Tuesday, September 17, 2013

High and Low

Kacey Mottet Klein and Léa Seydoux in L'enfant d'en haut (Sister)

L'enfant d'en haut (aka: Sister, 2012, directed by Ursula Meier) is the first film that the great cinematographer, Agnes Godard, has shot with a digital camera. I wonder if this is a film that could have been shot digitally before this year or last, because the main drawback of digital has been the dynamic range of the image. This is a film that goes from a physical (and metaphorical) darkness to the blinding white of snowy ski slopes and back with regularity. I can imagine Godard pulling her hair out trying to get her camera to do what she wants. Part of her solution was a careful focus on the film's characters, shot mostly in intimate close-up whenever the landscape threatens to intrude. This is a film set in a spectacular landscape that resolutely ignores that landscape. In an interview with Filmmaker Magazine, Godard tells how she wanted to avoid shooting postcards (and how difficult that is in this film's setting). They don't serve the story, she says. She's wrong about that, but she's such an intuitive artist that her approach manages to integrate the landscape with the story in a way a cinematographer more cowed by the visuals of her surroundings might not. In any event, this is an intimate film.


The story here follows Simon, an enterprising eleven year old thief who makes a living for himself and his sister by wandering off with equipment at Swiss ski resort. His older sister is the irresponsible Louise, who is more interested in the life of a party girl with a succession of bad-for-her men than she is in being a responsible adult. Over the course of the film, Simon conceives ever more elaborate ways to make off with skis and other gear while her sister hooks up with another guy who drives a BMW. Simon has had enough of this, so he confesses to Louise's new beau that Louise is actually his mother. Unfortunately for all involved, this is true, and it succeeds in breaking up the budding relationship while drawing forth a stream of invective from Louise. She never wanted Simon and says so. Meanwhile, up the mountain, Simon has taken a fancy to an English lady and her family, which reminds him of a life he's never had. When Simon is eventually caught, it precipitates a crisis of responsibility for both himself and Louise, who grow ever farther apart as their recriminations grow...


Léa Seydoux in L'enfant d'en haut (Sister)

As I mentioned, this is a gorgeous film, but not for the reasons you might expect. The landscape is used metaphorically, sure. This is a film that communicates with its verticality: when Simon is up high at the resort, he's the master of his world. When he's down below, he's not. The composition of the film also communicates its relationships. Whenever Simon and Louise interact--almost always at the bottom of the mountains--the film is horizontal, composed along the lines of roads and empty fields. The power relationship between a brother and sister is horizontal, after all. Once their true relationship is revealed, The film becomes vertical once again, or reverts to intimate close-ups. The landscape is inescapable in spite of the intentions of the filmmakers, and it becomes a character just by its very existence, standing in for the rocky nature of human beings. The film's last shots are informed by the landscape, and its final shot, a haunting essay in human beings going in opposite directions, synthesizes all of the film's visual themes.

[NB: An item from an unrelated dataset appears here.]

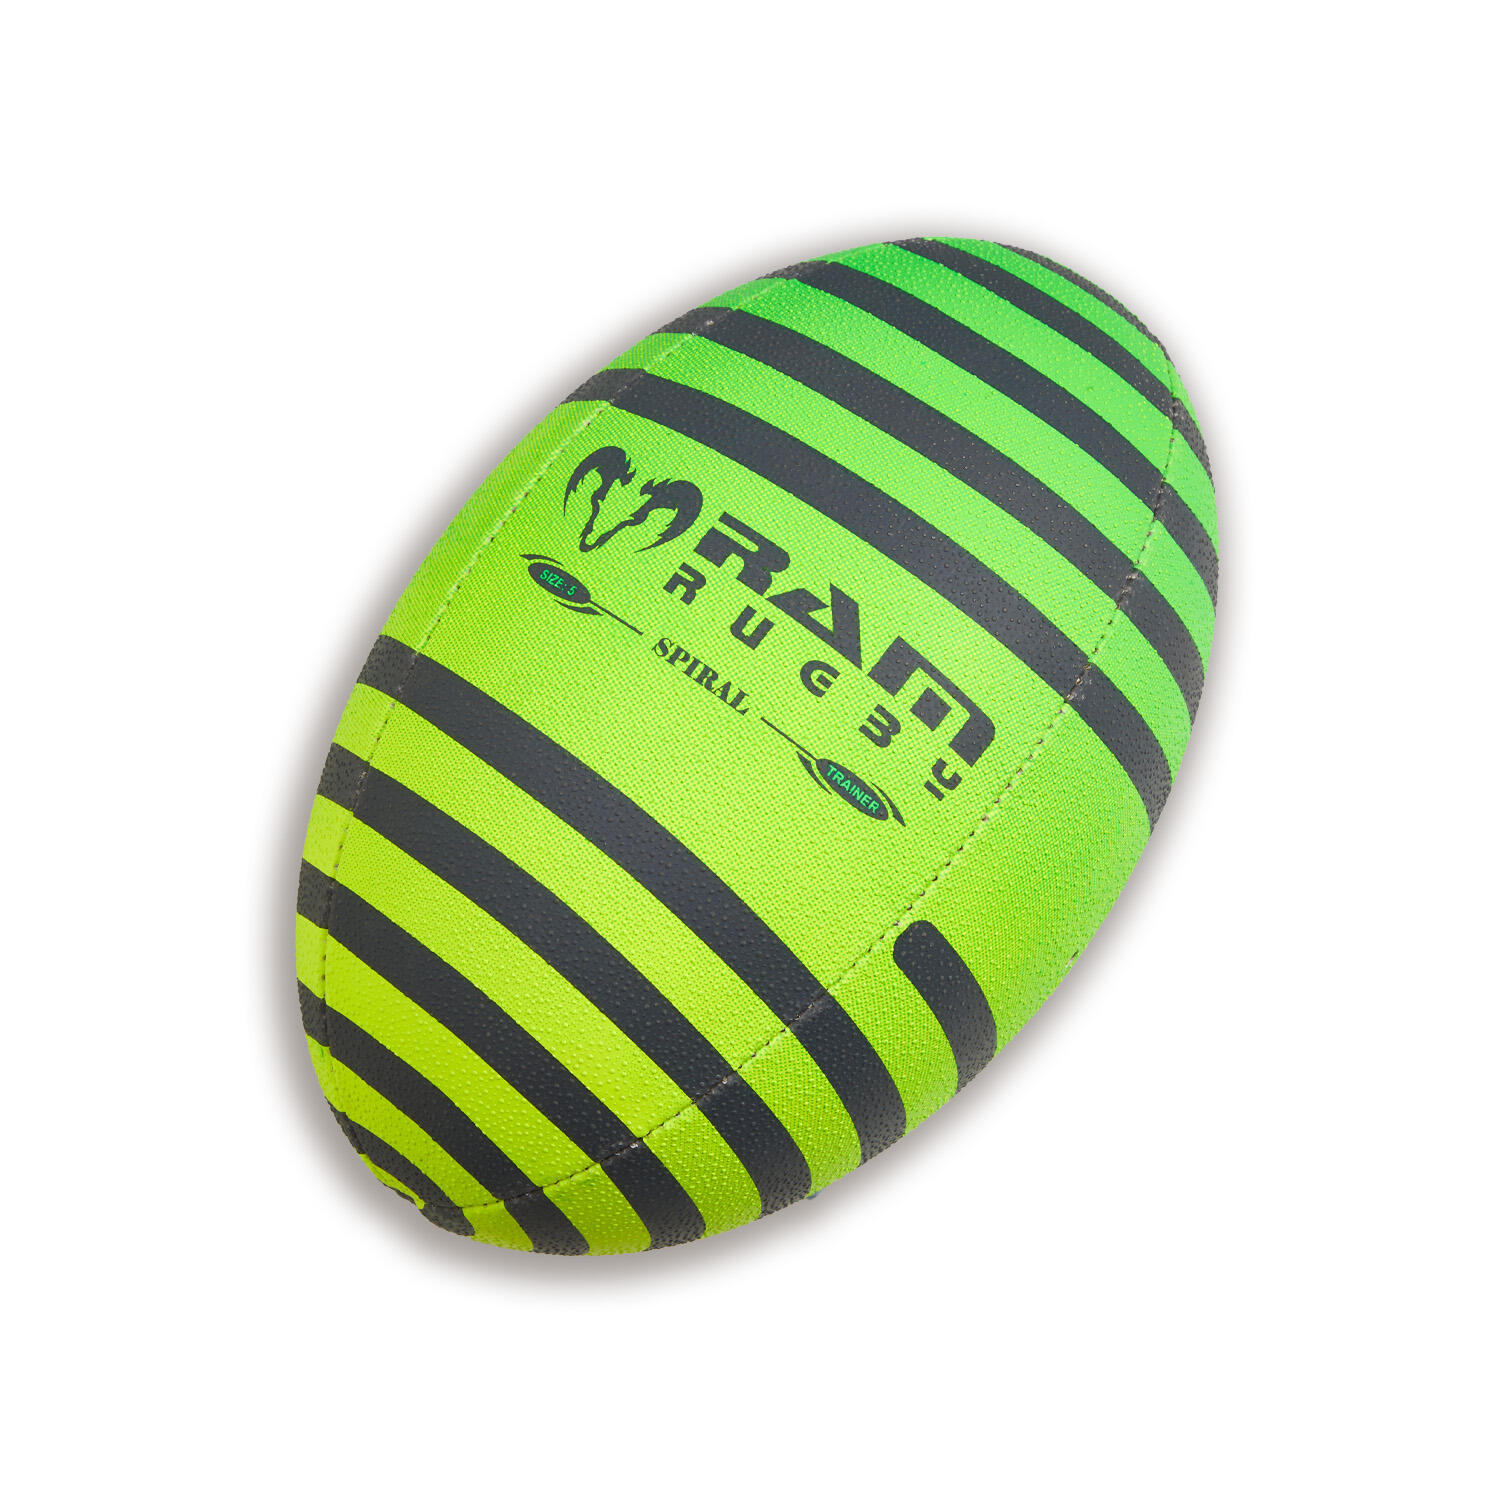 Ram Rugby Ball - Squad - Trainer - (Size 3) - Spiral 3/6

There are social themes here, too. This is very much a film about late capitalism, about the inequities of wealth, about the haves and the have-nots, about the changing face of Europe. The film's visual compositions are of a piece with these themes, too, and given how I've already described the film's verticality, I'm sure you can imagine how it goes about its critique of class and money. Certainly, the film amplifies this by having the English lady whose life Simon craves played by a bona fide movie star in Gillian Anderson.


Kacey Mottet Klein and Gillian Anderson in L'enfant d'en haut (Sister)

For all that, I wish I liked this film better than I do. This is a film with limited dramatic resources. It has, basically, two kinds of scenes: Simon going about the business of stealing, and Simon interacting with Louise. These tend toward repetition and it dilates the experience of watching it over time into something of a chore. Oh, the actors are good. Kacey Mottet Klein is good as Simon and Léa Seydoux seems like she's on the fast track to stardom, but they operate within the constraints of a plot that doesn't have much for them to do. Where as the film's visual sensibility is world-class, it suffers from an under-imagined screenplay. Perhaps more troubling than this, though, is the way the film turns on a gimmick. The revelation that Louise is Simon's mother seems to come out of left field and never seems entirely earned. It's as if writer/director Meier was perhaps aware of the film's dramatic shortcomings and decided it needed a twist to keep the audience interested. In truth, the visuals kept me interested until the end, but I checked out of the plot fairly early. It's worth the slog, ultimately, because the very last scenes are very good indeed.